Rainer, G., & Logothetis, N. (2002). Effects of visual experience, contrast and color on neural responses in area V4 to natural images. Poster presented at 32nd Annual Meeting of the Society for Neuroscience (Neuroscience 2002), Orlando, FL, USA. Retrieved from http://www.sfn.org/absarchive/.


Cite as: https://hdl.handle.net/11858/00-001M-0000-0013-DE81-5
Abstract
We have previously reported experience-dependent changes in V4 neural activity to natural images using a noise-interpolation paradigm (Rainer Logothetis, Soc Neuro Abstr 27: 399.1, 2001). To gain further insight into how responses of single V4 neurons are modified by experience, we examined activity to familiar and novel full color natural images as a function of contrast and color composition. For contrast variation, neural responses were assessed during performance of a delayed-matching-to-sample task with samples presented at different contrast levels (full, 75, 50, 25, 10, 5). In addition, responses to natural images and the luminance and chrominance components of these images alone were collected during fixation. All images were 10°×10° in size and presented at the center of gaze for a period of 300ms.

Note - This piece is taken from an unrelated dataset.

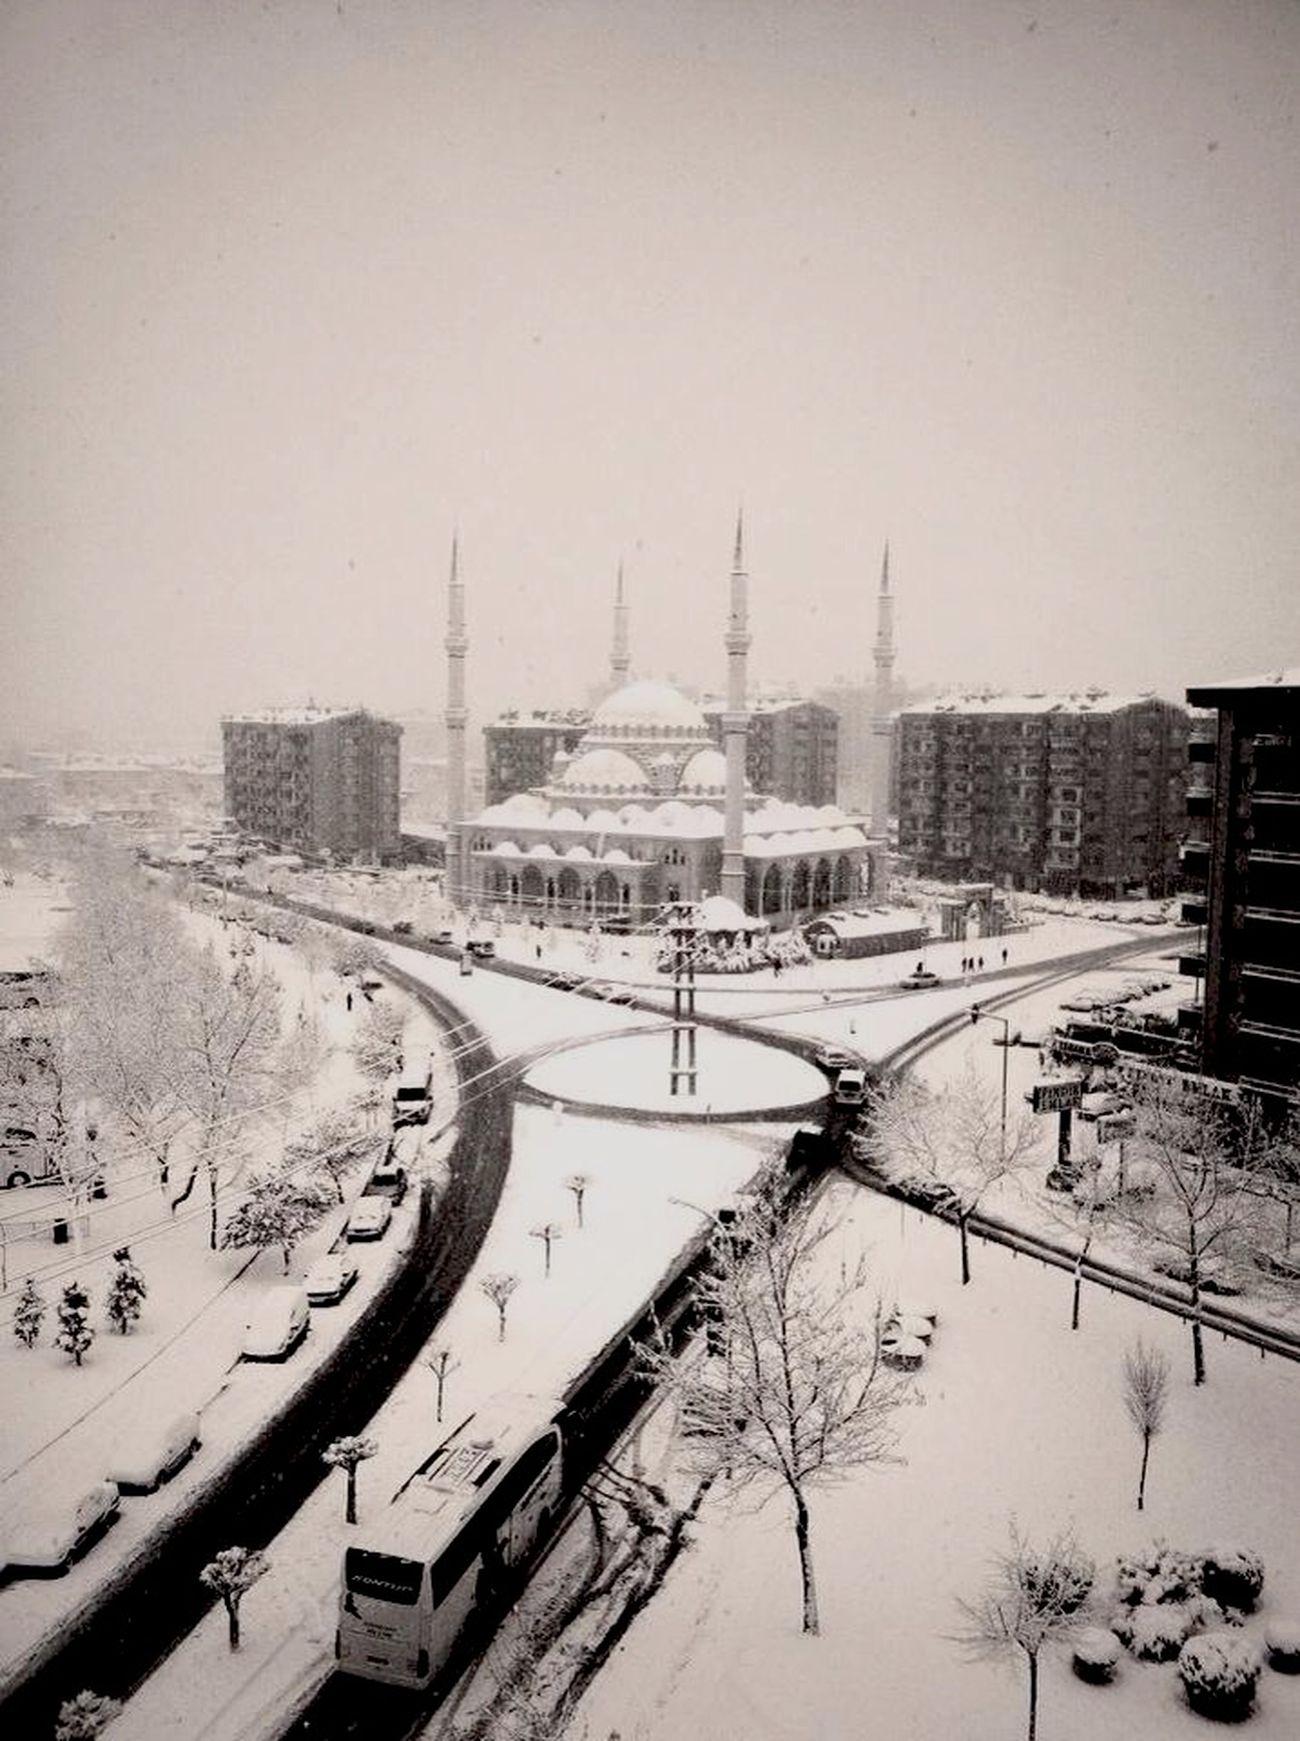 Memleket de kar yağışı :) winter caming ;)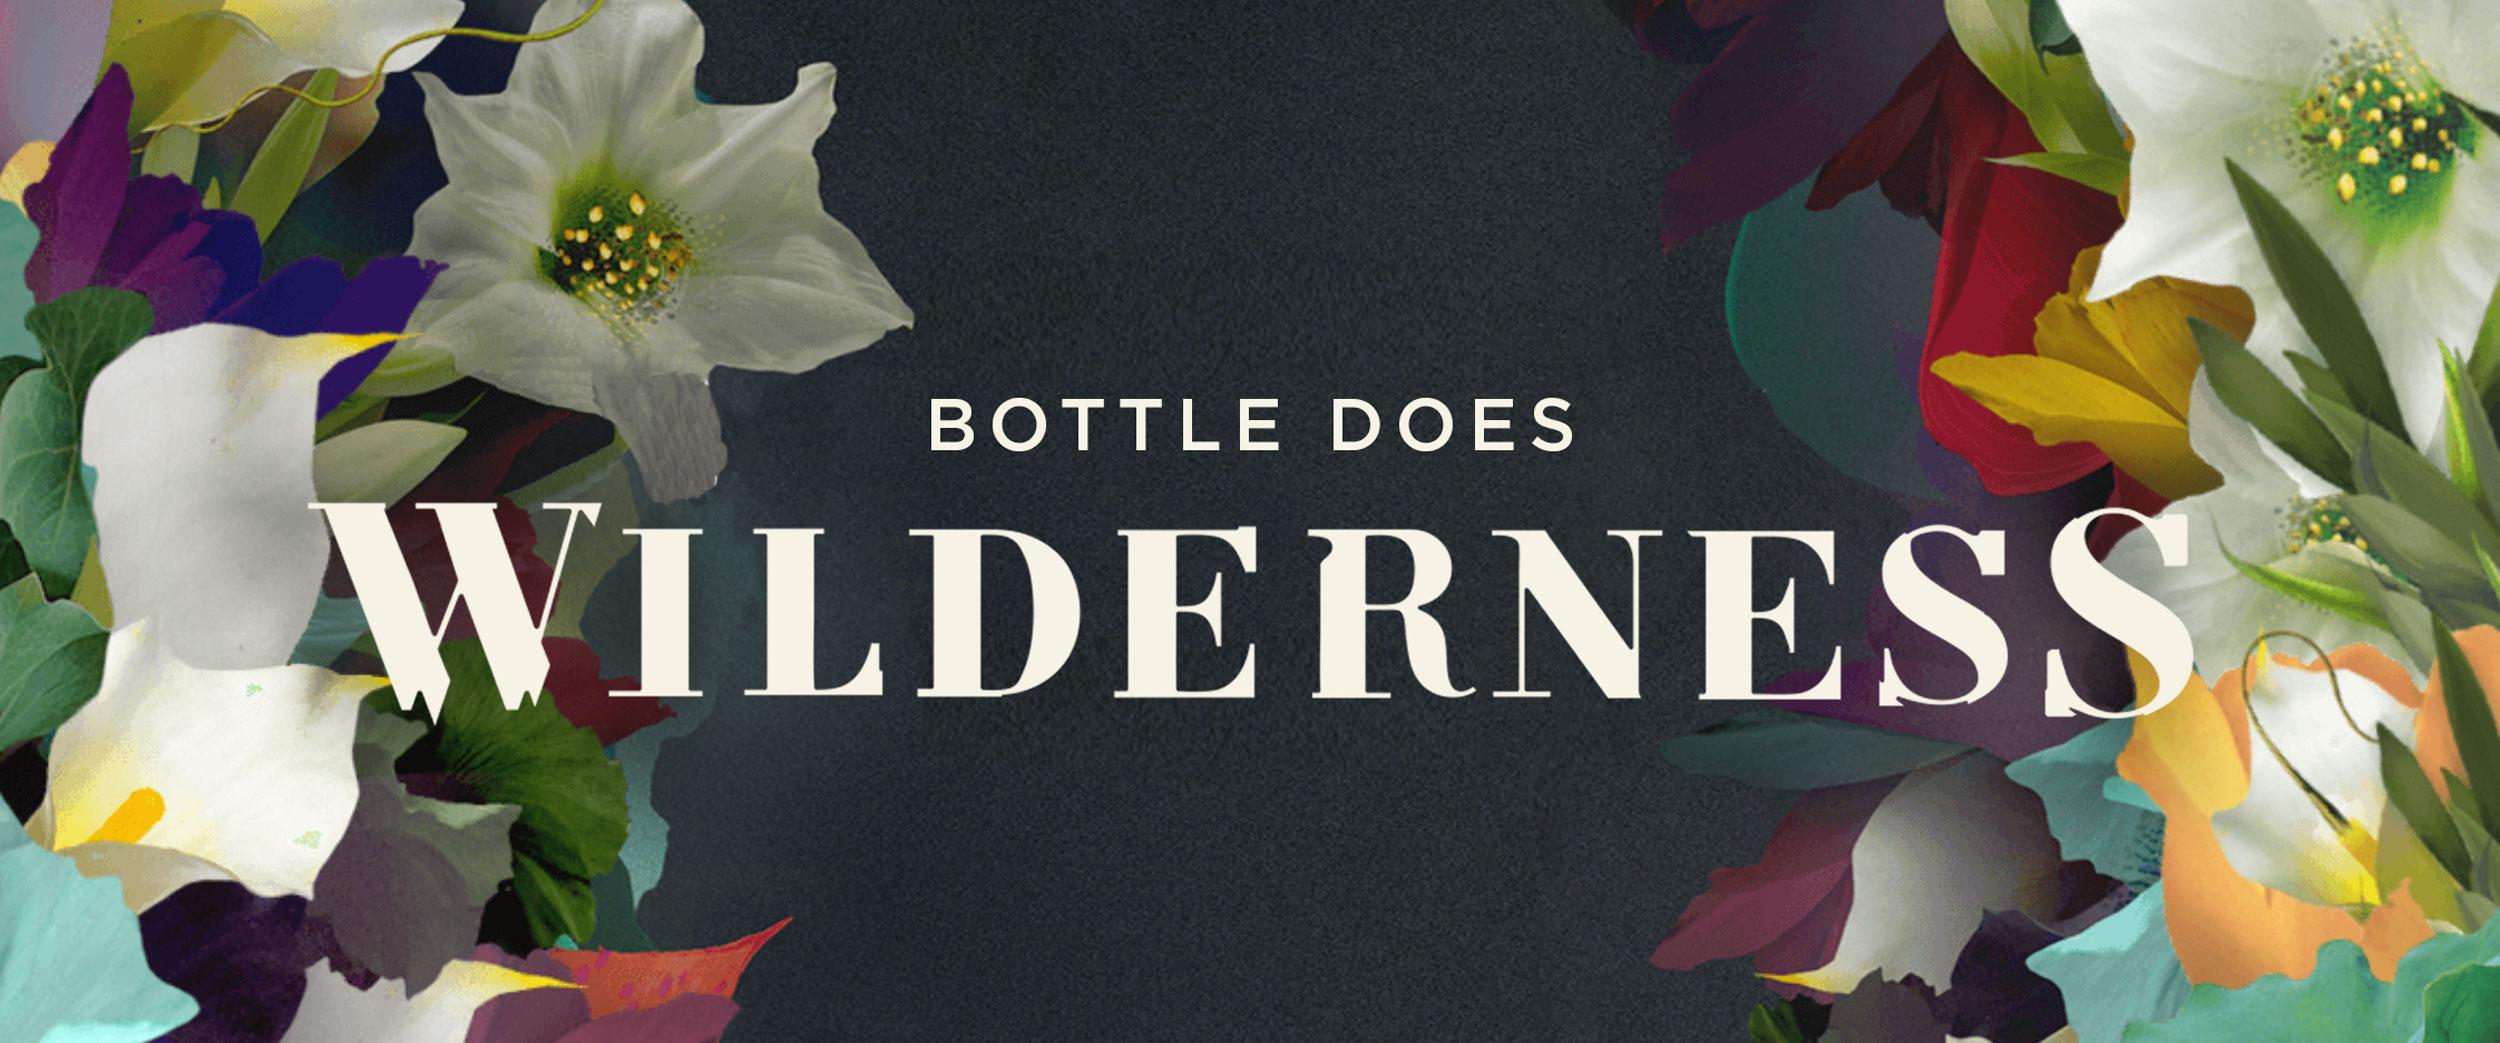 BottleDoesWilderness_v01.jpg

We have preliminary data from 91 V4 neurons. Both contrast and color data from V4 neurons showed systematic variation as a function of stimulus familiarity. At full contrast, familiarity was reflected in reduced average population activity during the sustained portion of the visual response (from about 150ms after sample onset onwards). This difference was specific to full contrast stimuli and disappeared with decreasing contrast, because average activity to novel images decreased while activity to familiar objects slightly increased. The experiment with colored images revealed an interaction between familiarity and luminance/chrominance during the sustained visual response. Together, these studies shed further light on experience-dependent neural activity changes in the cortex of awake behaving primates.